On closing of the Transaction (the "Closing"), Atlantic Power intends to defease (the "Defeasance") all outstanding Convertible Debentures in accordance with the terms of the trust indenture governing the Convertible Debentures (the "Indenture"). Notwithstanding the Defeasance, any holder of Convertible Debentures who converts their Convertible Debentures during the period beginning 10 trading days prior to the Closing and ending 30 calendar days following the delivery of the change of control notice under the Indenture (the "Make Whole Conversion Period"), will be entitled to receive the Make Whole Premium (as defined in the Indenture and calculated below). Assuming that the Closing occurs on May 14, 2021 and the change of control notice is delivered on Closing as is currently anticipated, the Make Whole Conversion Period would open on April 30, 2021 and close on June 14, 2021.
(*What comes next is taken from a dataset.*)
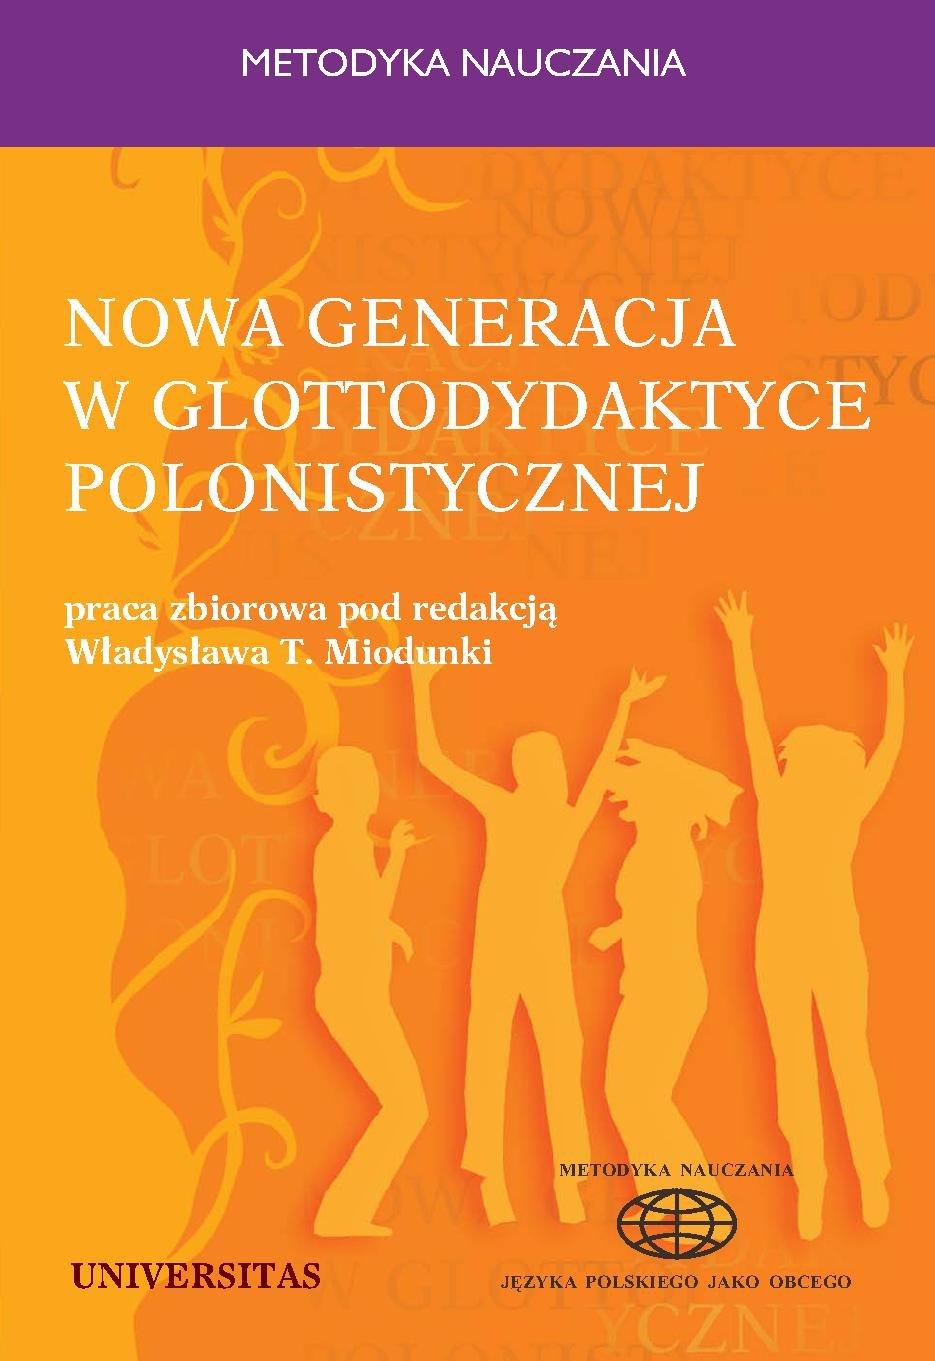 Nowa generacja w glottodydaktyce polonistycznej - Ebook (Książka PDF) do pobrania w formacie PDF

As previously disclosed, the final Make Whole Premium will be established based on the CAD/USD daily exchange rate as of the 11th trading day before the Closing Date, being the trading day immediately preceding the opening of the Make-Whole Conversion Period. Assuming that the CAD/USD daily exchange rate on the 11th trading day before the Closing Date is C$1.24=US$1.00, the Make Whole Premium would be 36.0962 common shares of Atlantic Power ("Common Shares") for each C$1,000 in principal amount of Convertible Debentures so converted, resulting in a conversion ratio of approximately 274.1914 Common Shares for each C$1,000 principal amount of Convertible Debentures so converted.
Holders of Convertible Debentures converting their Convertible Debentures up to 4:00 p.m. (Toronto time) on the third trading day prior to the Closing (the "Conversion Deadline") will participate in the Transaction as holders of underlying Common Shares and will be entitled to receive US$3.03 per underlying Common Share (including Common Shares issuable on account of the Make Whole Premium, conditional upon the Closing occurring) together with accrued interest paid in Canadian dollars up to, but excluding, the date of conversion.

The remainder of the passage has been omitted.